Que pensez-vous de la lettre de l’ambassadeur de la CEDEAO au Togo, Garba Lompo, annonçant au Président de la CENI, le démarrage de l’audit du fichier électoral ?

Écoutez : ce courrier en date du 30 octobre 2018, du représentant permanent de la CEDEAO au Togo, nous laisse tous interrogatifs. Au point que la C14 a décidé d’en vérifier l’authenticité. C’est dire que c’est la chose la moins attendue de la facilitation par les populations togolaises, en ces moments où le dialogue politique en cours a visiblement besoin d’être relancé sur la base des fondamentaux liés aux mesures d’apaisement, aux réformes politiques et électorales, à la préparation et l’organisation consensuelles des élections, etc.

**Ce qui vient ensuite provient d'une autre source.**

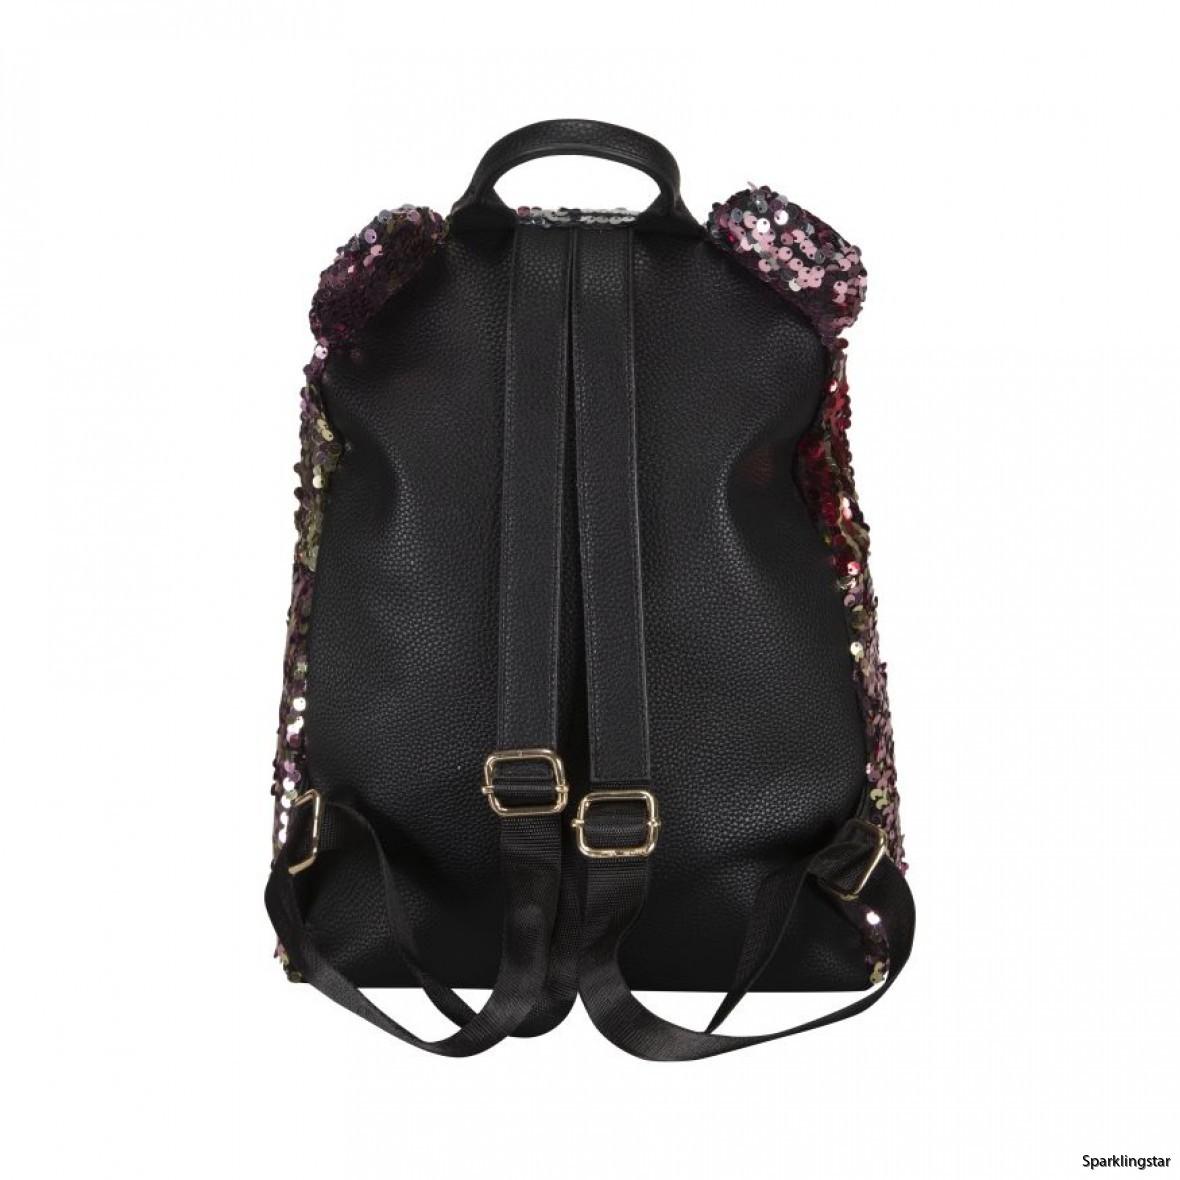 Sofie Schnoor Strid Multi Backpack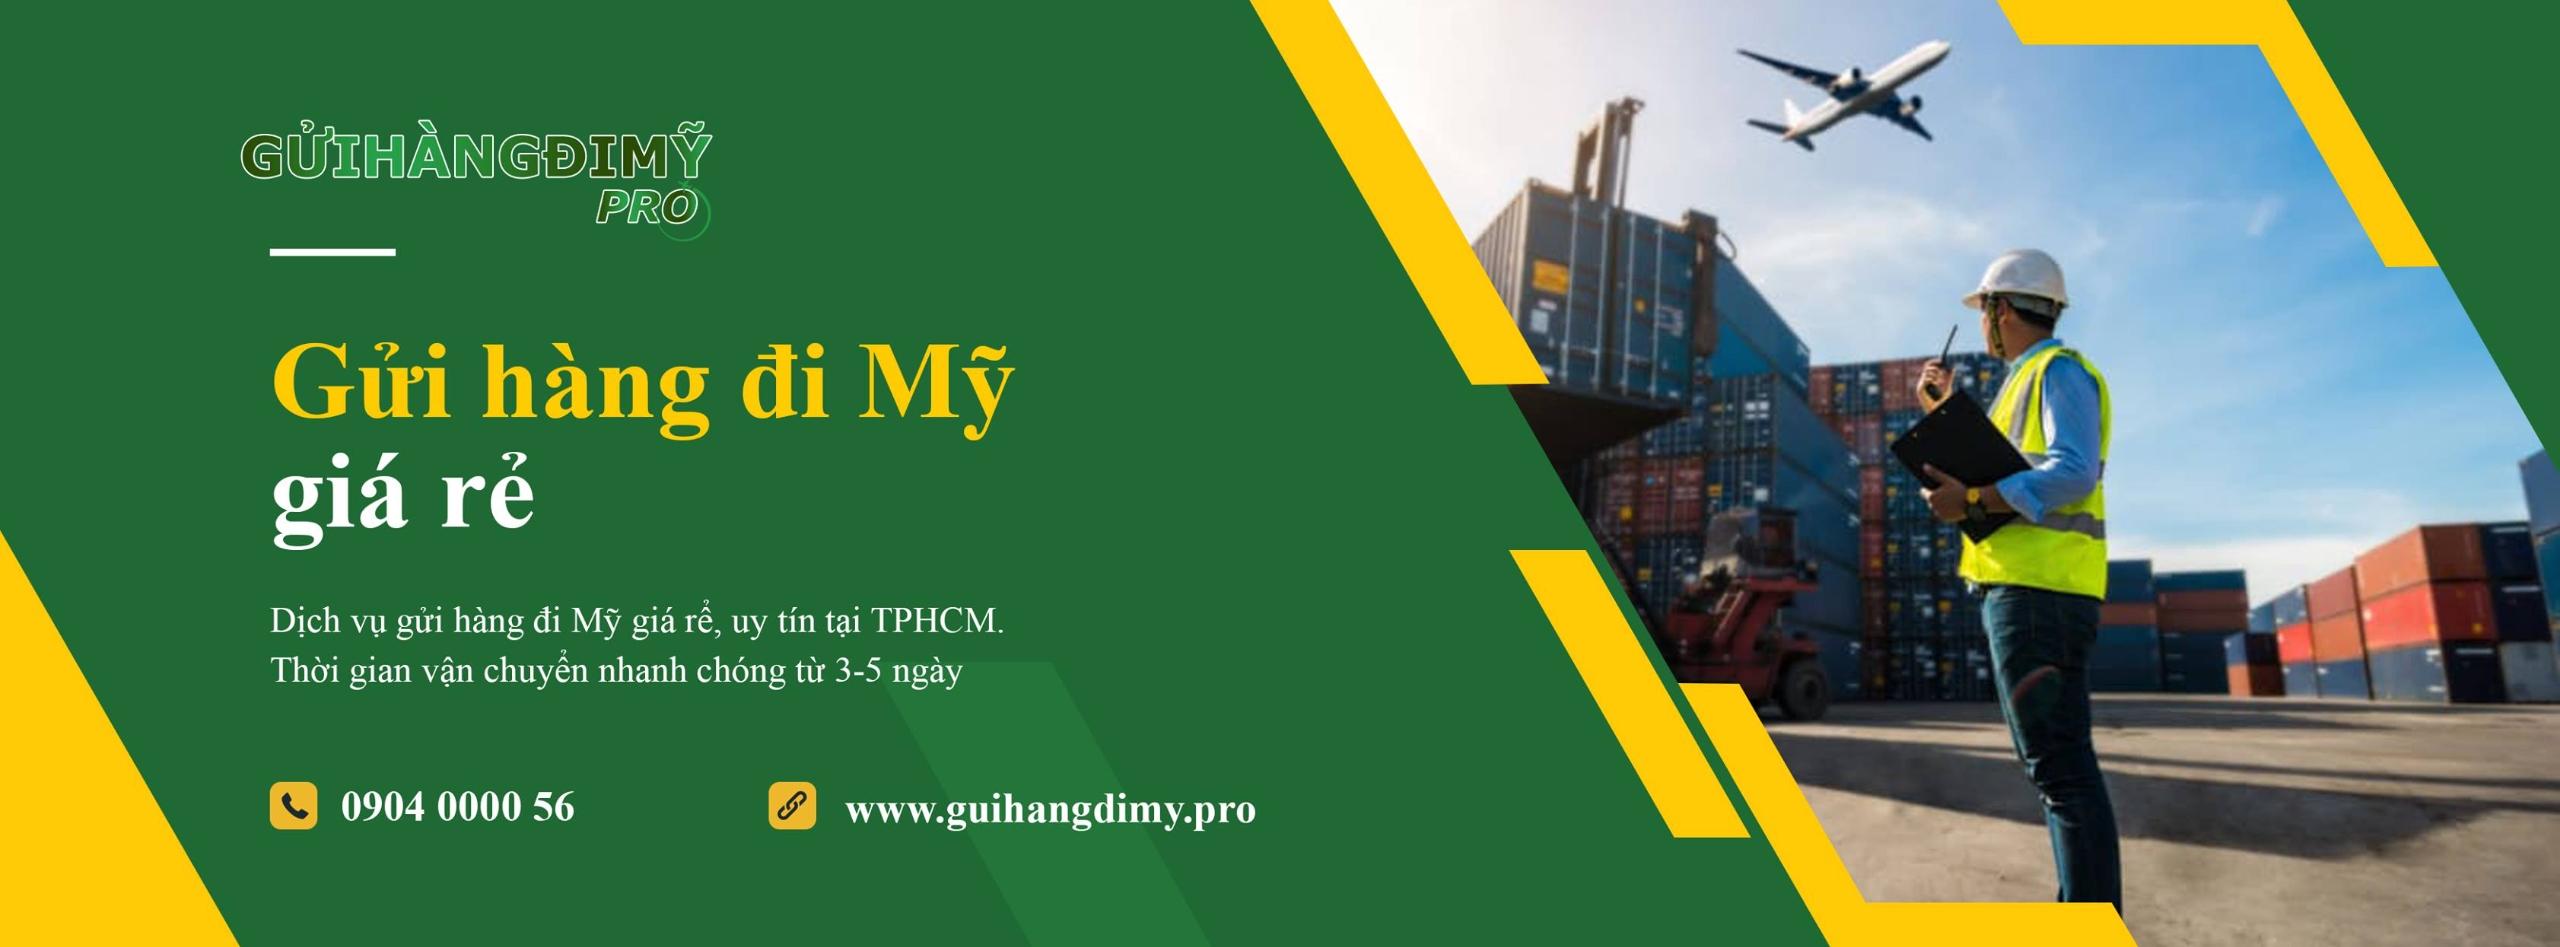 (@guihangdimypro) Cover Image

En tout état de cause, et je voudrais en rassurer l’ensemble des populations, la C14 ne saurait rien accepter ou décider, qui ne corresponde pas à leurs aspirations légitimes. En l’occurrence, ce recensement unilatéral, frauduleusement mené par une CENI non constituée, non paritaire et non inclusive est absolument inacceptable. Cette lettre étrange qui s’apparente à la validation par la CEDEAO d’un coup de force que nous condamnons fermement, nous rappelle l’attitude de cette institution en 2005, et nous amène à nous interroger sur l’objectif réel de la CEDEAO dans la crise actuelle. Je nous appelle tous à la plus grande vigilance. Nous rejetons fermement toute conclusion d’experts électoraux missionnés pour tenter de nous convaincre de la crédibilité d’une opération montée de toute pièce par une dictature qui n’hésite pas à mettre en œuvre tous les moyens déloyaux pour conserver le pouvoir.

Le régime RPT/UNIR n’est pas digne de confiance. Et nous n’avons aucune confiance dans une opération électorale menée unilatéralement par ce régime. Le processus électoral sera consensuel ou ne sera pas.